And Bulls dont like red so dont wear red!
Does that work the same for Bull Sharks???? :lol: :lol:

Cheers

Justin


----------



## Shorty

Freyas kayak is a Dune colour ,,so whatever you do don't buy Dune ;-) 
http://qajaqunderground.com/2009/07/13/ ... -11072009/


----------



## ageboy63

Arrr what if the shark under your Yak is color blind. No one is safe. :lol: :lol: :lol: :lol:


----------



## Guest

interesting!!! glad im trading my YELLOW Adventure Island for a brand new RED one!!! lol

by the way. for those interested....... Adventure Islands hold their value, and have a real good resale value, or trade in value.....i traded mine in at sunstate hobie. great service, and fair dinkum too....

cheers.


----------



## keza

surely a red one will look like it's injured and bleeding :lol:


----------



## hairynosedwombat

I have a yella Ok prowler elite but i am going to paint a picture of chuck norris on the bottom making me 100 % immune to shark attack and if they even so much as cruise past for a sticky beak a horrible brown cloud will surround the yak making me virtually invisible .I suggest you blokes with yella yaks don't waste anytime in using this technique...........cheers


----------



## kayaksportsmark

I did not know seals were yellow and orange


----------



## mustrumr

kayaksportsmark said:


> I did not know seals were yellow and orange


I know - you'd think that dark grey or black would be most attractive to sharks, but apparently not. It seems surfers and divers are more likely to be taken in colourful wetsuits than in black ones - weird, but true. http://www.flmnh.ufl.edu/fish/sharks/isaf/color.htm

Cheers,


----------



## mehi

For sale,
yellow and orange swing :lol: just joking

Cheers Dave


----------



## Rose

My kayak is yellow and my paddle blades are orange...I'll just have to concentrate on looking as unappetising as possible... :shock: :lol:


----------



## solatree

kayaksportsmark said:


> I did not know seals were yellow and orange


There used to be yellow and orange seals, but they are now extinct - only the drab no-contrasting coloured ones are left. Natural selection at work ;-) :lol:


----------



## solatree

fishnut said:


> Solatree, I heard they only eat Hobie sports now.

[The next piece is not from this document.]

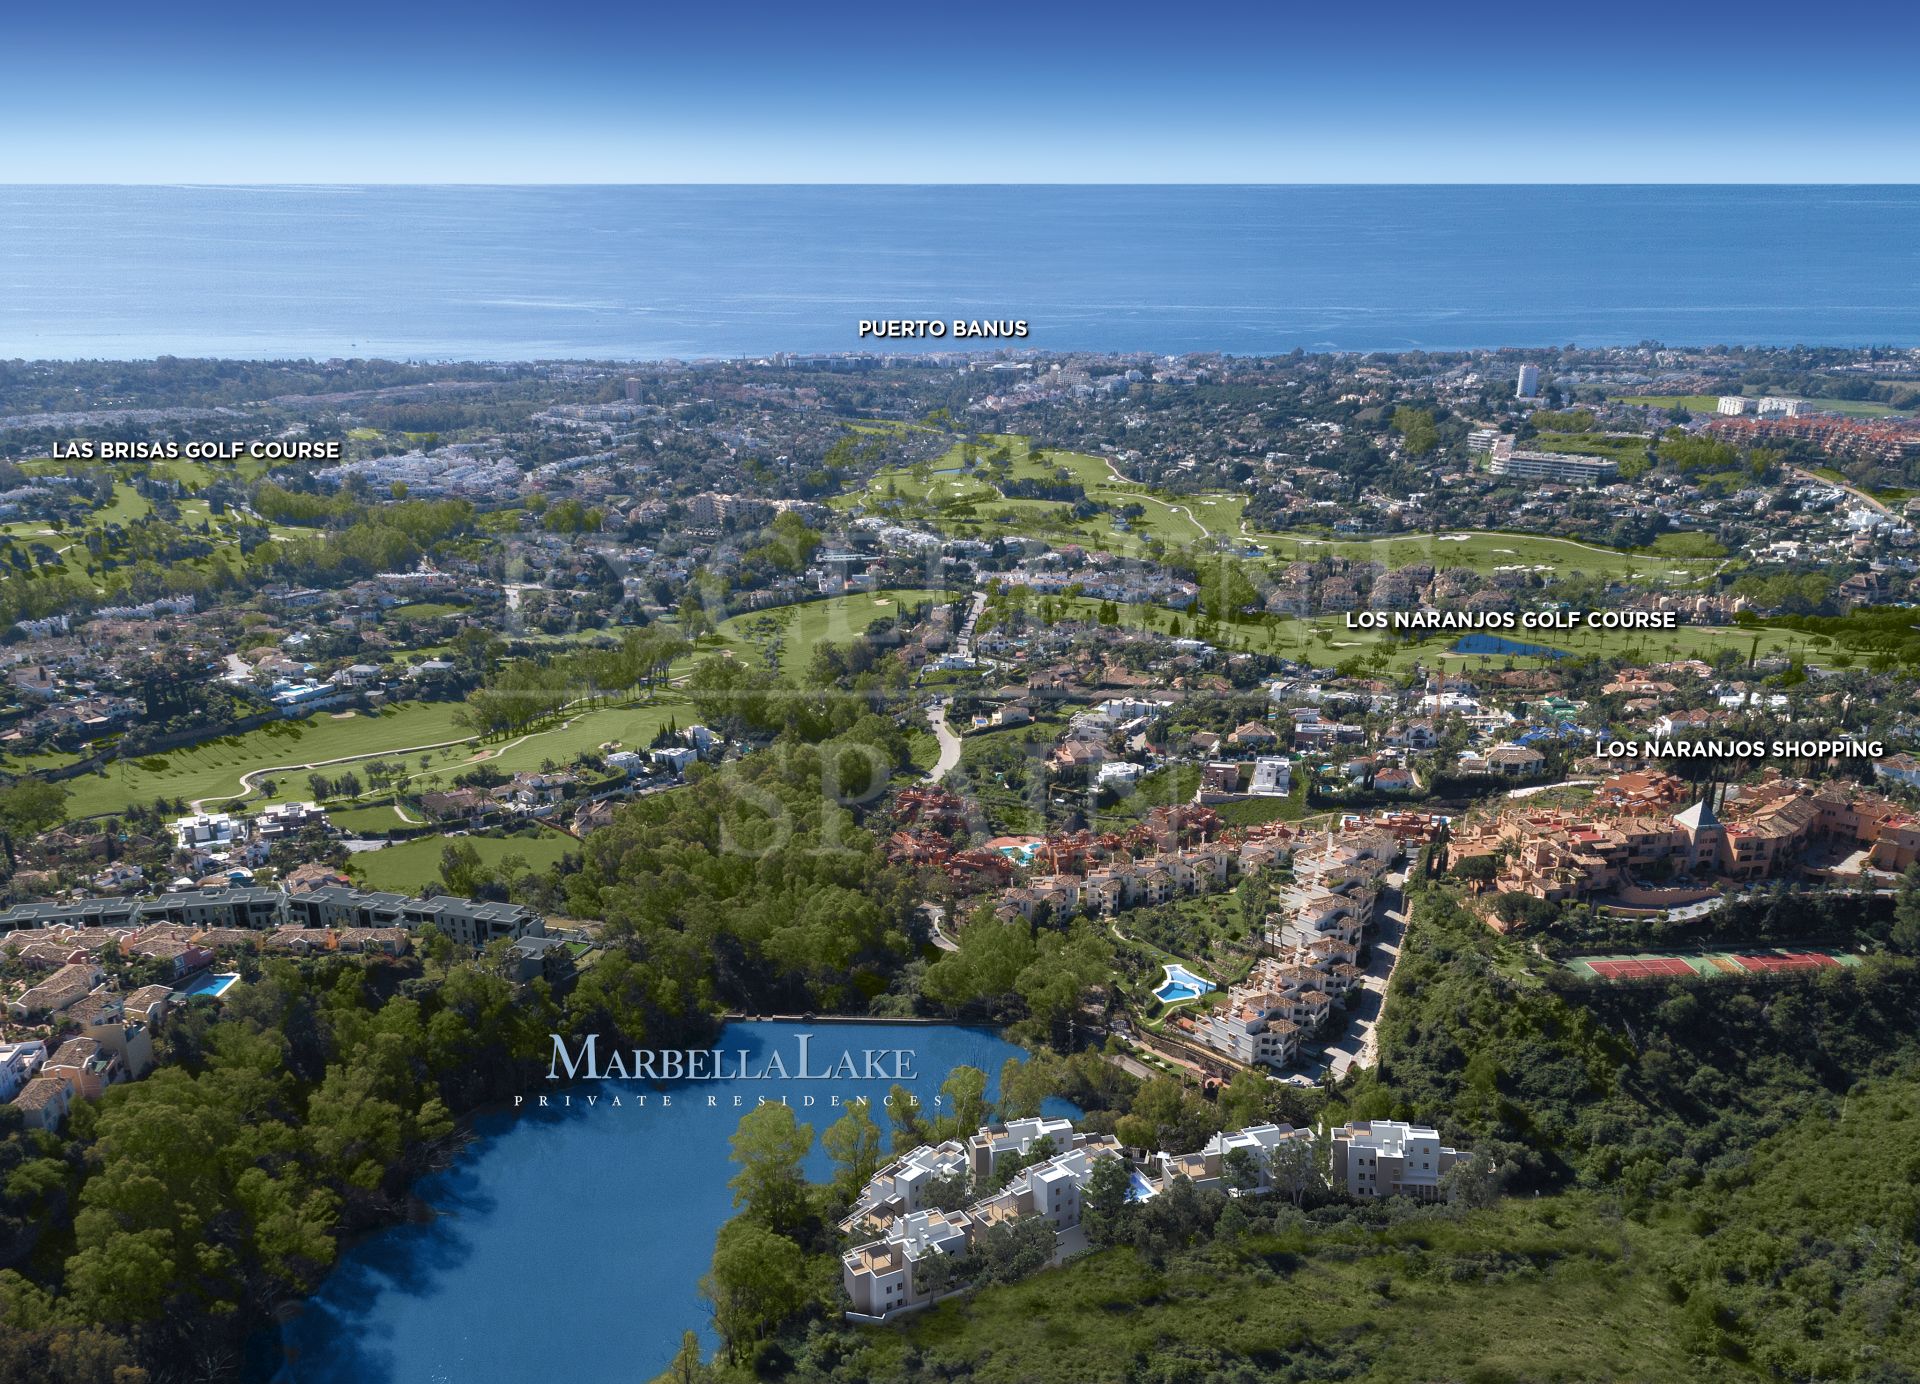 Property development Marbella Lake, Nueva Andalucia

I must admit - at only 2.8m long, I was begining to feel a bit exposed on the gulf with all the 4m+ shark sightings about  - but then I comforted my self in the knowledge I'm paddling a very unpatalable non- yum yum yellow - ivory dune kayak


----------



## TheBream

Ranger said:


> I'm now off to buy all the yellow and orange lures I can find! Coz if it works for the big fishies, it has to work for the little fishies too!
> 
> Oh, and this is getting a bit off track I know, but one thing which has always made me wonder. *The two hardest colours to see on the water would have to be blue and white*. Now have a look at the prefered colours used by most boat builders! :?

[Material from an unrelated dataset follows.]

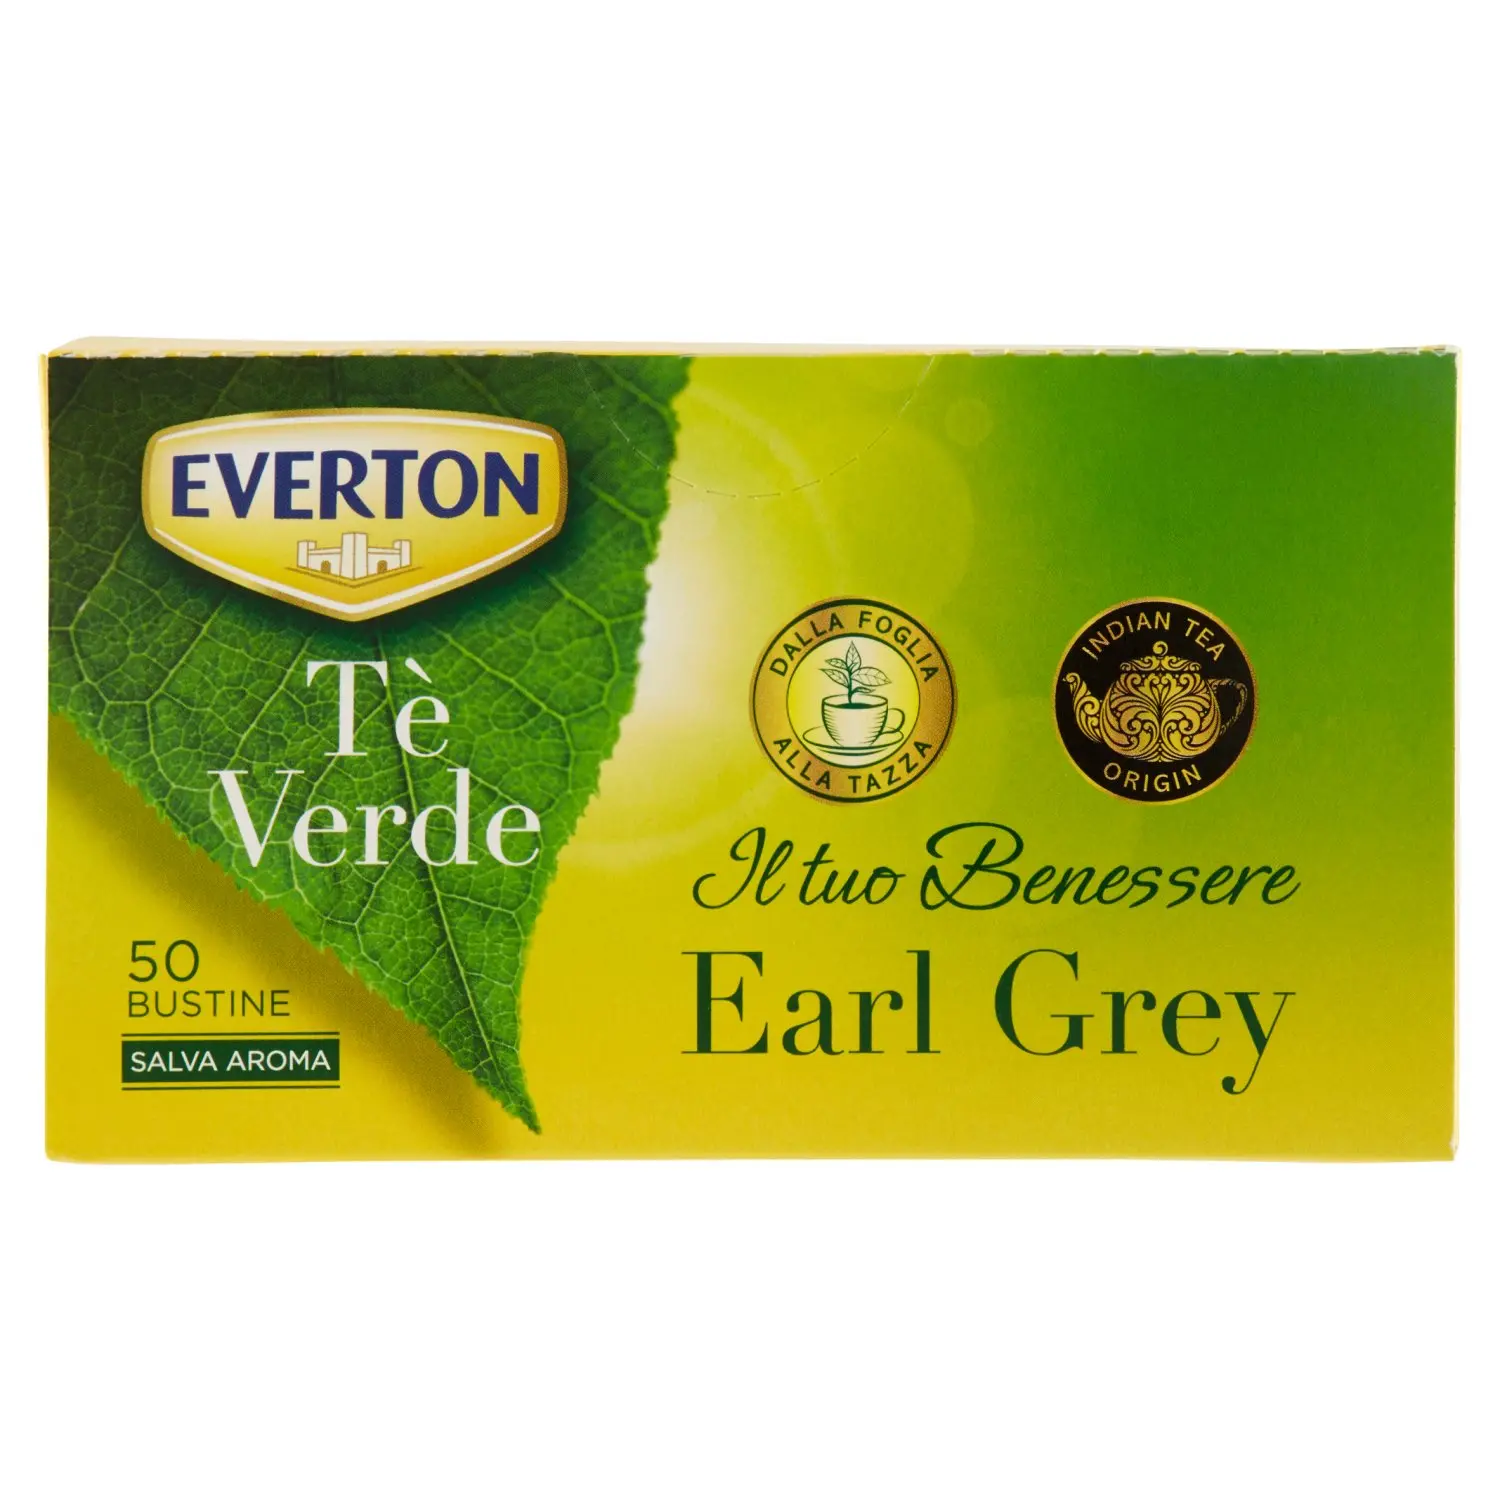 Everton Tè Verde Earl Grey 50 x 1,7 g

at time white is hard to see but on some days white can be seen before other

i have been out on some rather dark overcast days and even with some sea chop on the water i have been able to see the white bouys or drums of the fish traps a fair way away

i only say that because it supprised me how well they stood out on these kind of days

stange enoght i have been outside on some days where we have had trouble seeing the yellow FAD bouy in a bit of a sea untill we were only a couple of hunder meters off it but as the norm yellow and red/orange does stand out more and my old dagger drifter was in the yellow/red flame as being see was my first worrie


----------



## Hughman

My two cents worth:

1. I was sitting side-saddle with my feet hanging in the water yesterday in the Georges River outside Oyster Bay when I happened to look down. My feet, clad in their flourescent orange neopream boots, seemed to glow like giant fish lures in the murky water. (See photo) A slight chill went down my spine as I considered my foolishness and decided better about my seating arrangements.

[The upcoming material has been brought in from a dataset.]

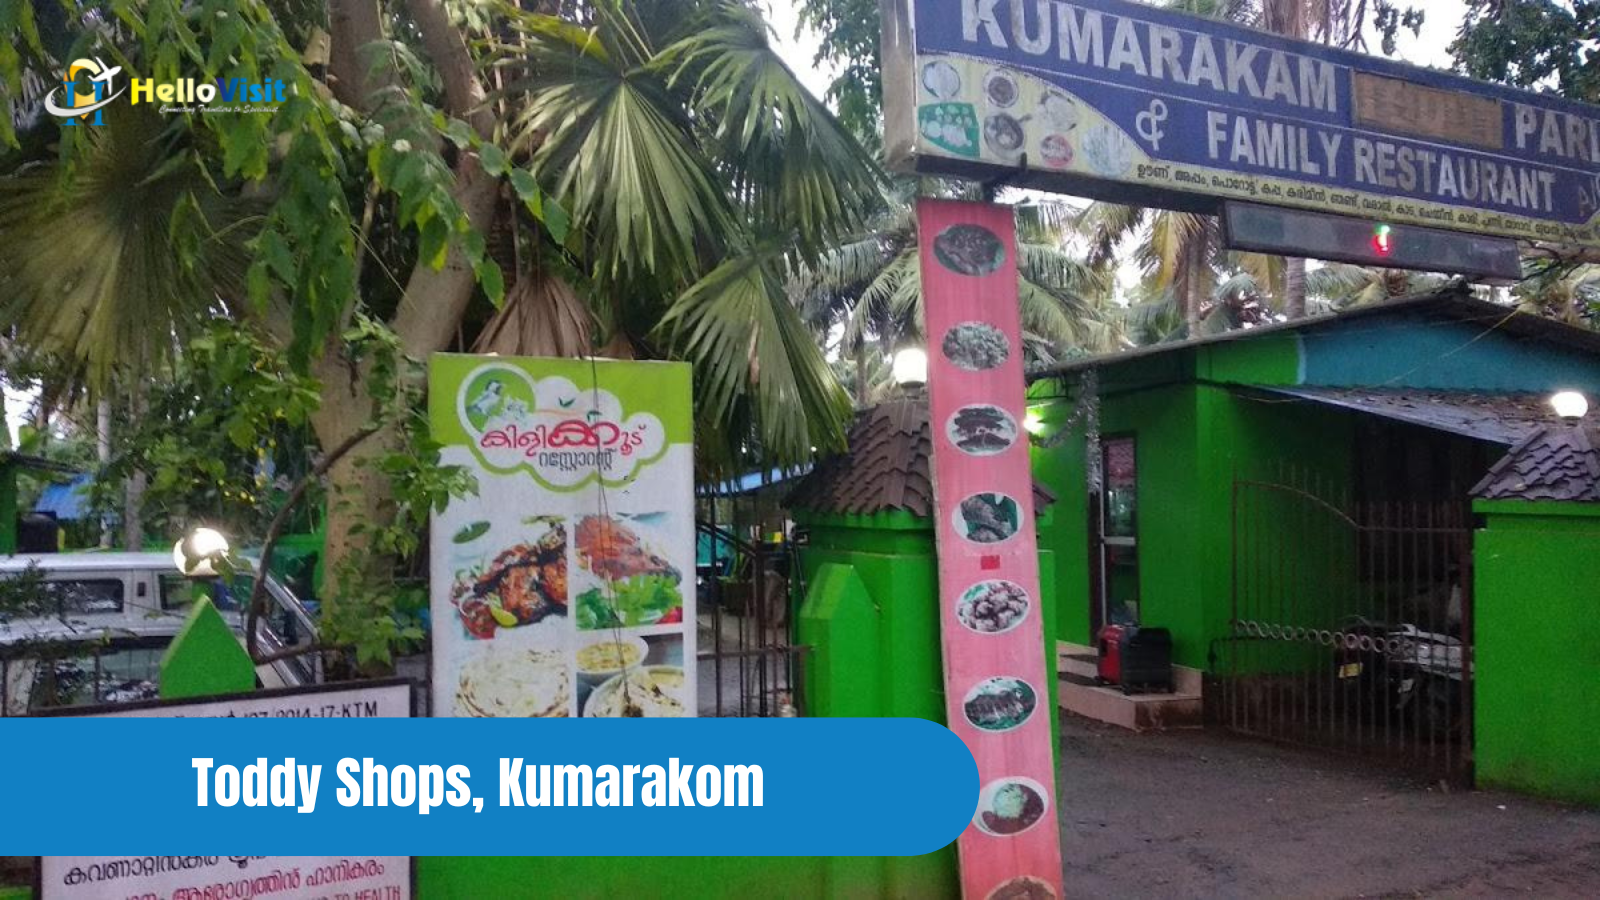  Toddy Shops, Kumarakom

2. A fair-sized bronze whaler cruised by me half way between Little Manly and Balmoral a few weeks ago. I don't know much about the reputation of bronze whalers in particular, but all the theoretical arguments about the the liklyhood of shark attacks suddenly seemed to me to be pretty, well, 'theortical'.

3. I recall a study some decades ago in which they found that large bold alterrnating black and white stripes where generally avoided by sharks. The hypothesis was that this colour combination is like sea snakes and killer whales -- critters that sharks prefer to not mess with. Therefore a reasonable option would be to paint the bottom of your yak in black and white stripes leave the top in yellow or orange or whatever. Sadly however you would not likely win any awards for the coolest looking yak amongst your mates.

Cheers


----------



## Stoffeltoo

I have an ORANGE kayak which is a visible life saving kayak as them tinnies, glassy and jet heads get a chance to see me.
It does help to use the largest rapala on a spare rod as an offensive weapon. Jetheads pop off their rides tjop tjop when seeing an orange thing with hooks screaming their way!
In SA I want to use orange as we have the doffest (Translated brain dead) skippers who are not even worthy to drive a pedal trike.


----------



## YakMan

Have I made the wrong choice of colour???????????


----------



## solatree

YakMan said:


> Have I made the wrong choice of colour???????????


Nah..... just add a shark camo sticker to the bottom and you'll be right ;-)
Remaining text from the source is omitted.